__HOW TO COMPLETE THIS TASK__
The line with "AK-698E 300 W" starts the range, and the last line of the listing ends it. Retype that range exactly, without pictures.

__STORED DATA__
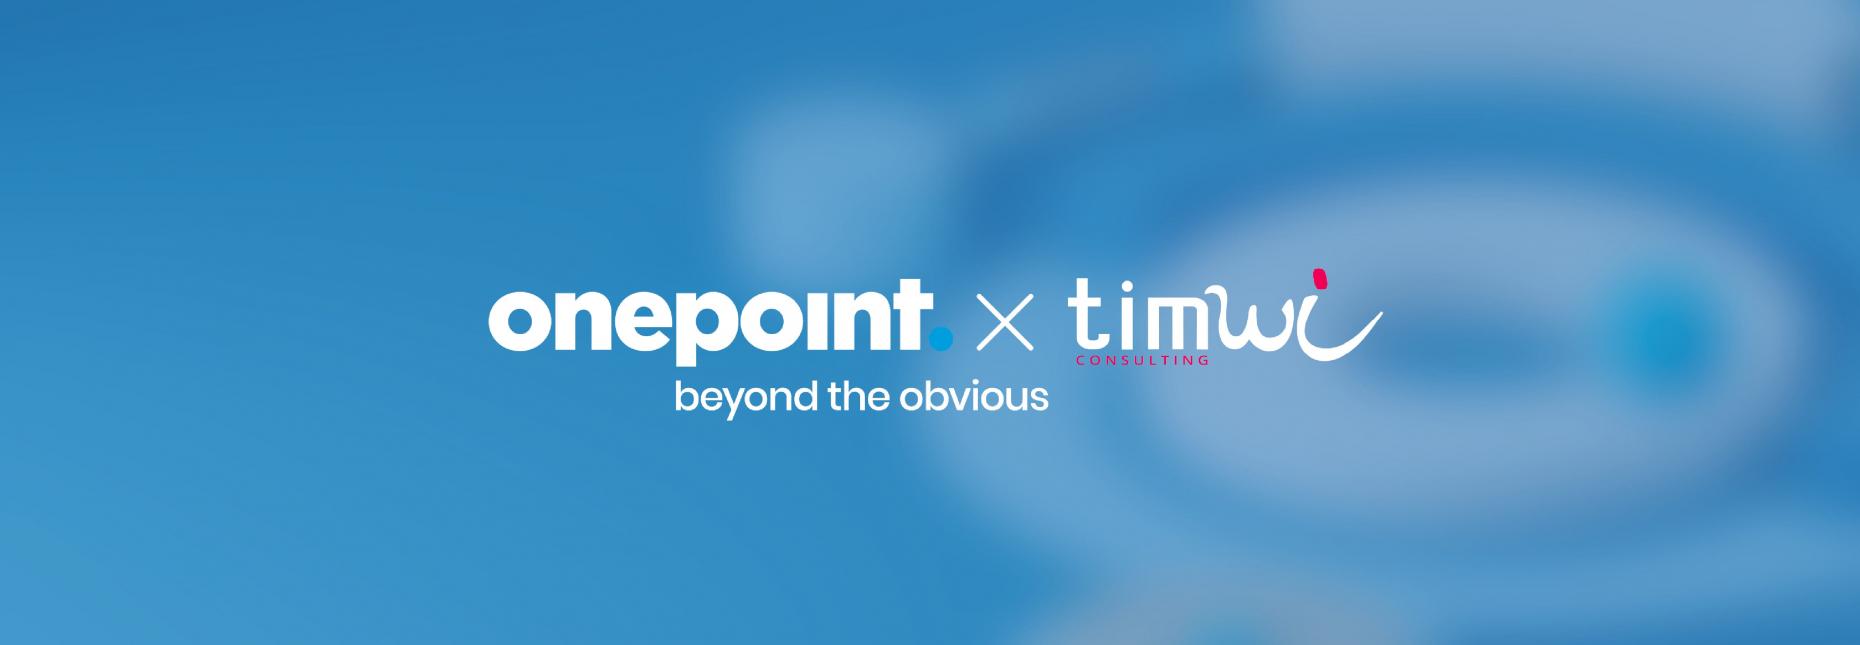 Image rassemblant les logo onepoint et celui de timwi
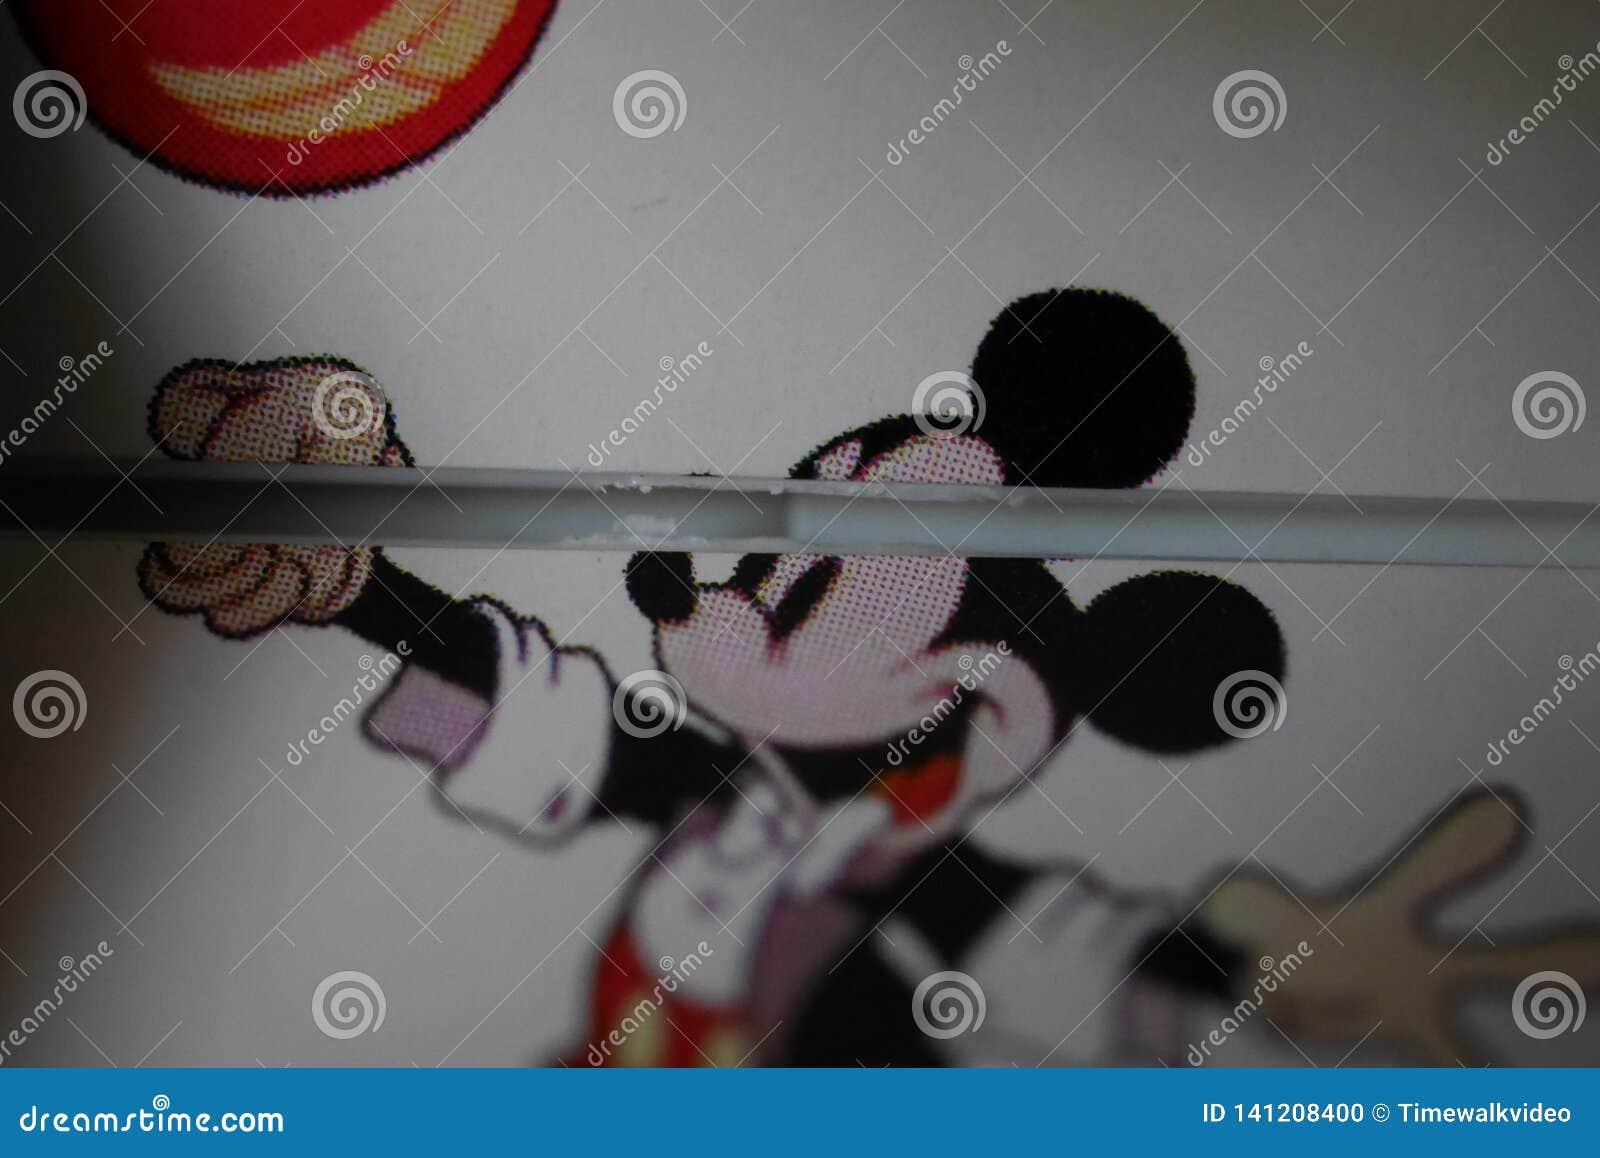 Mickey Mouse Christmas Tree Ornament Walt Disney Company Imagem Editorial Imagem De Christmas Company 141208400
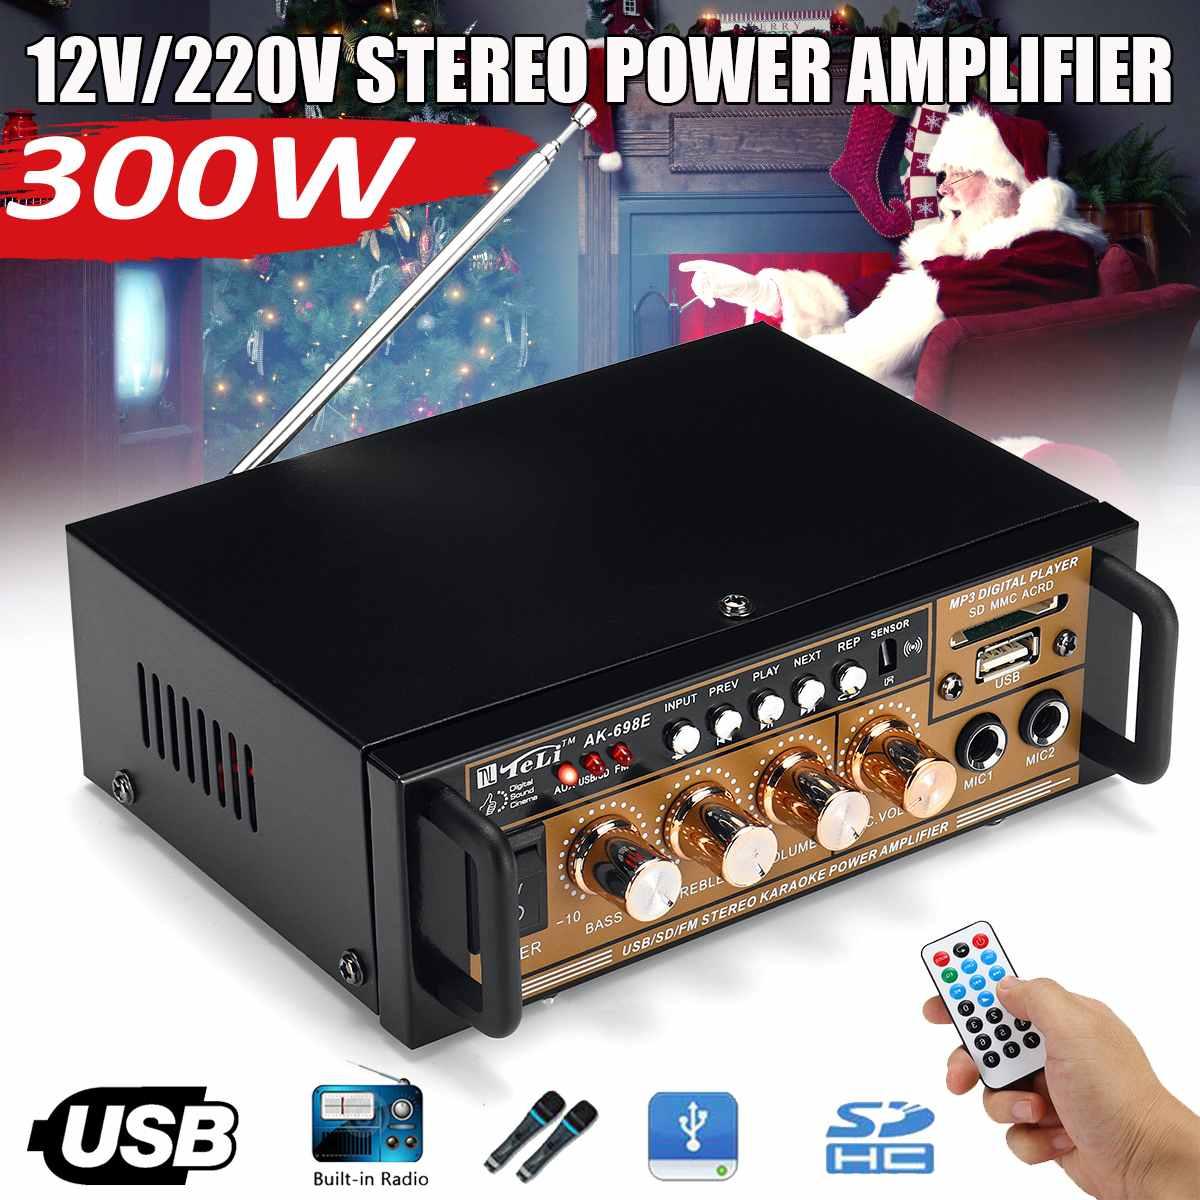 AK-698E 300 W 12 V/220 V Mini Amplificador Audio amplificateurs de puissance stéréo HIFI FM Radio USB/TF 2CH pour voiture amplificateur Home cinéma
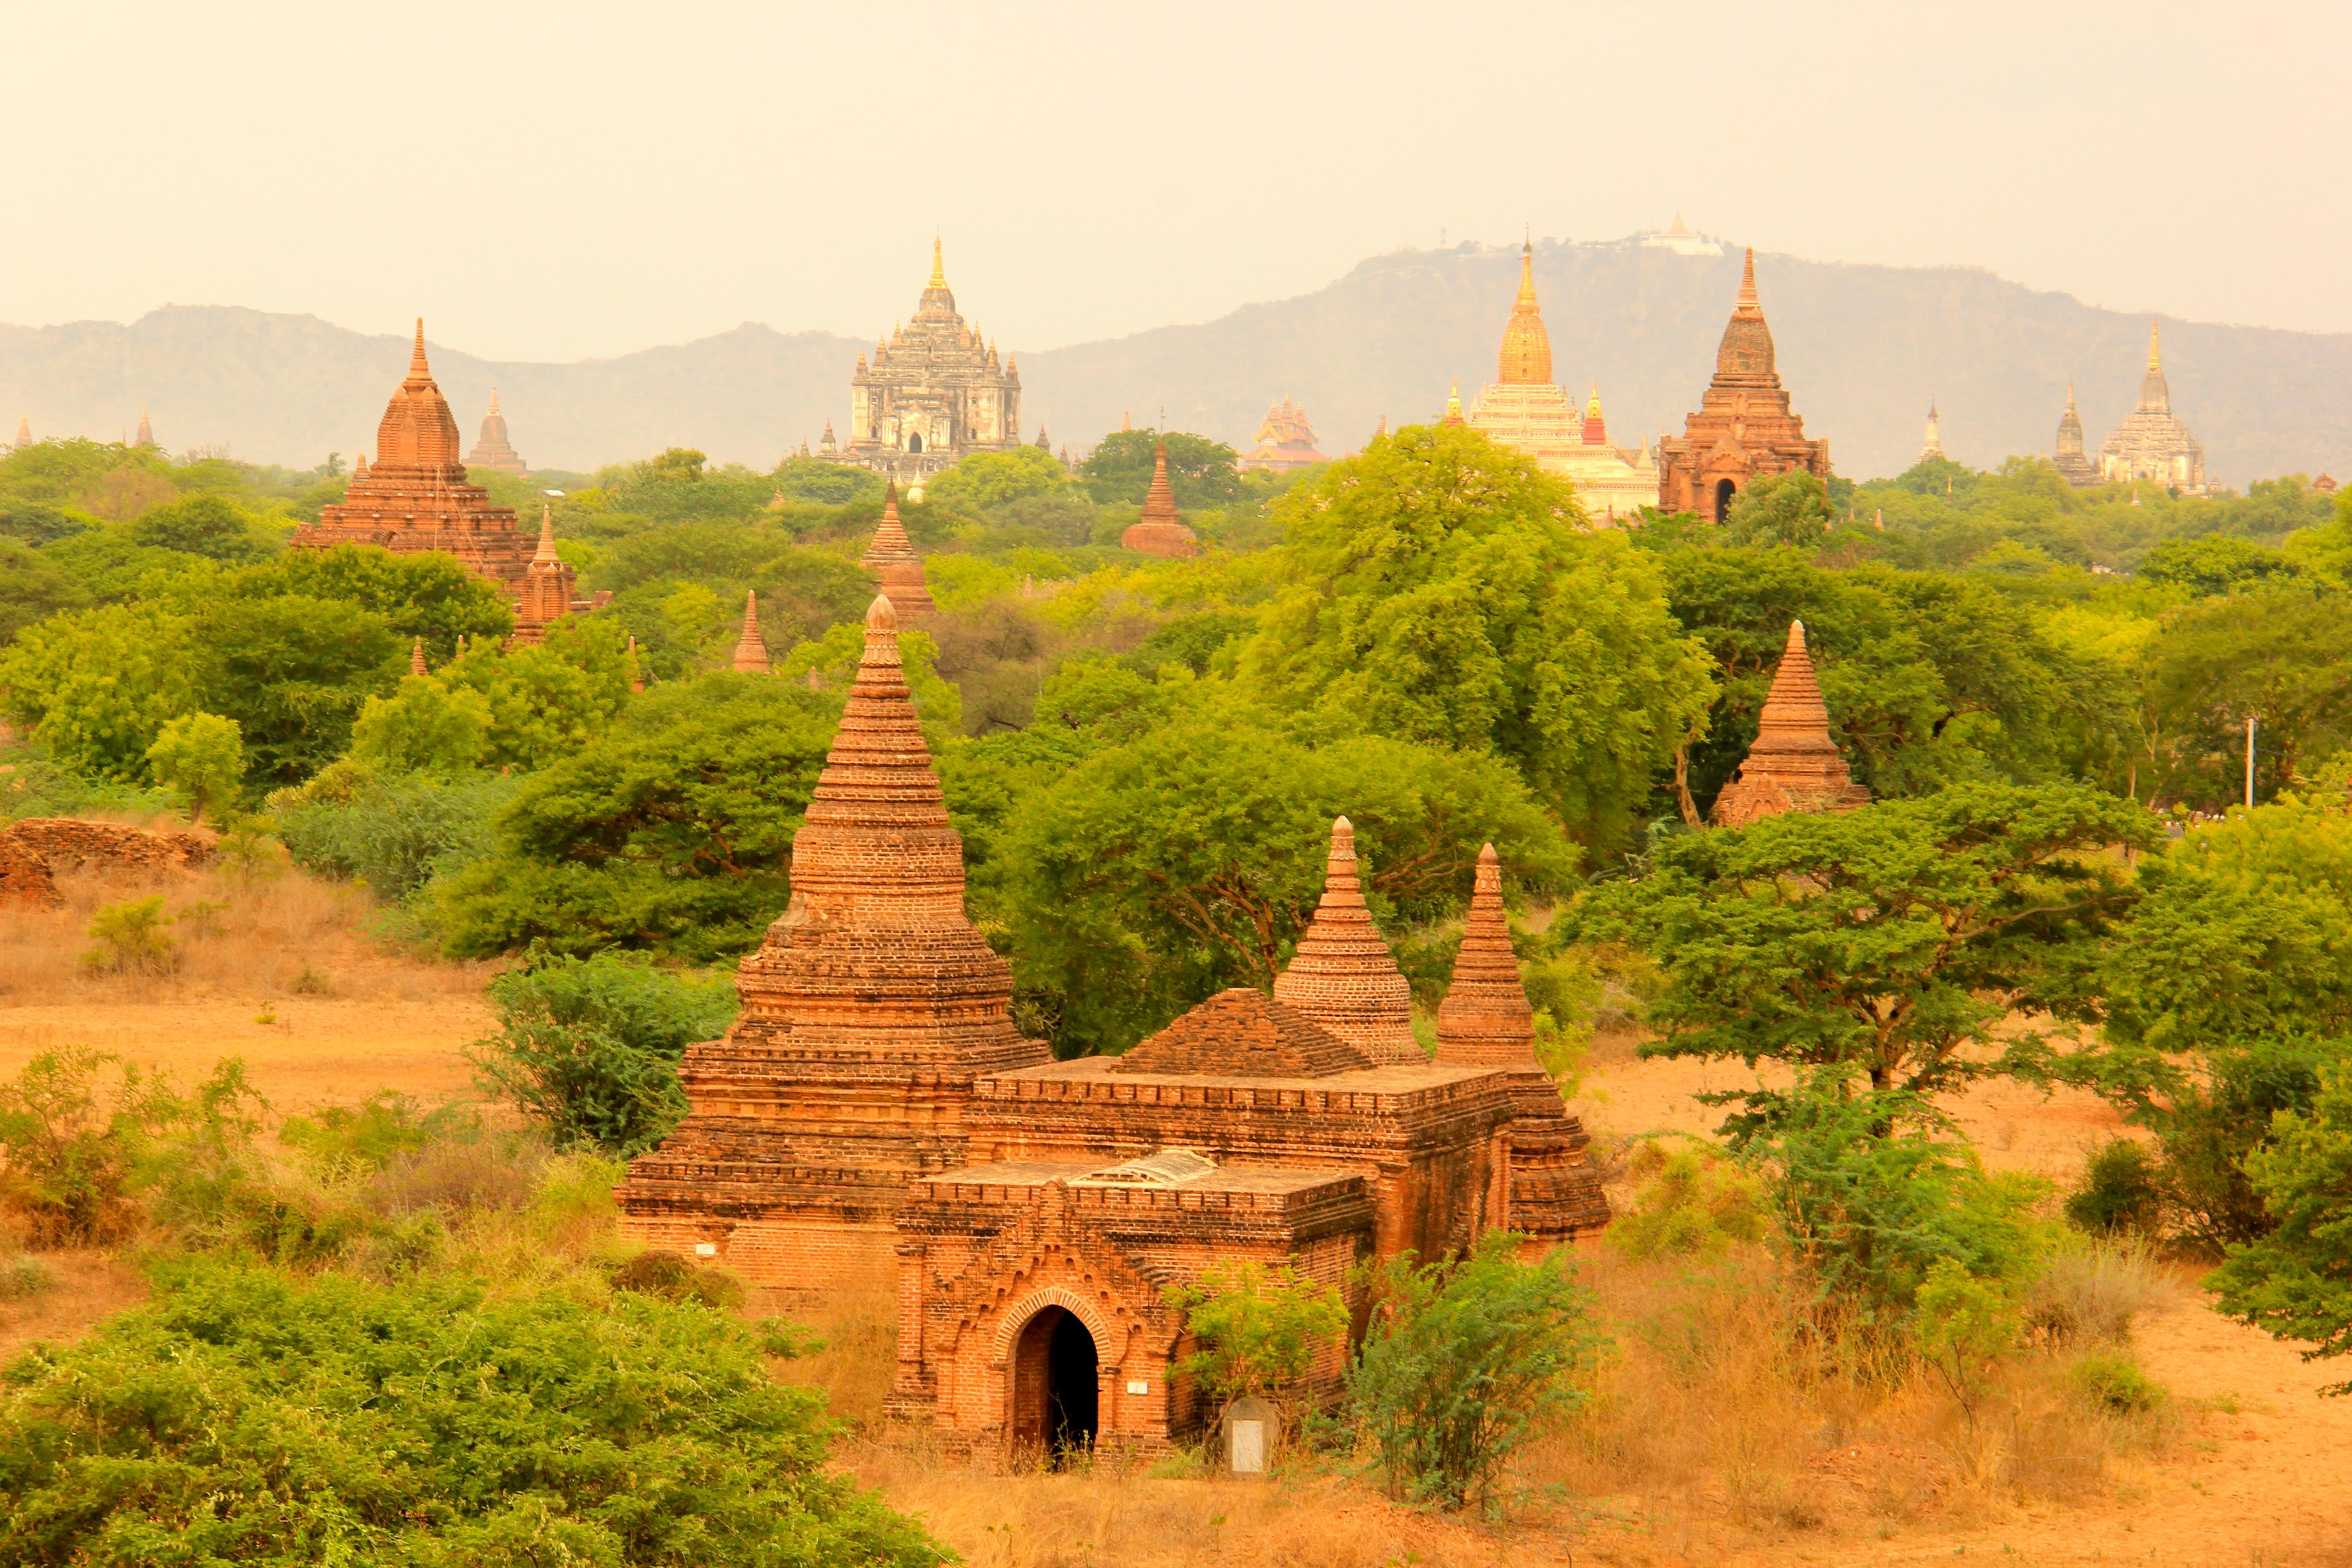 A incrível Bagan e seus 3 mil templos

__OUTPUT OF THE TASK__
 AK-698E 300 W 12 V/220 V Mini Amplificador Audio amplificateurs de puissance stéréo HIFI FM Radio USB/TF 2CH pour voiture amplificateur Home cinéma
 A incrível Bagan e seus 3 mil templos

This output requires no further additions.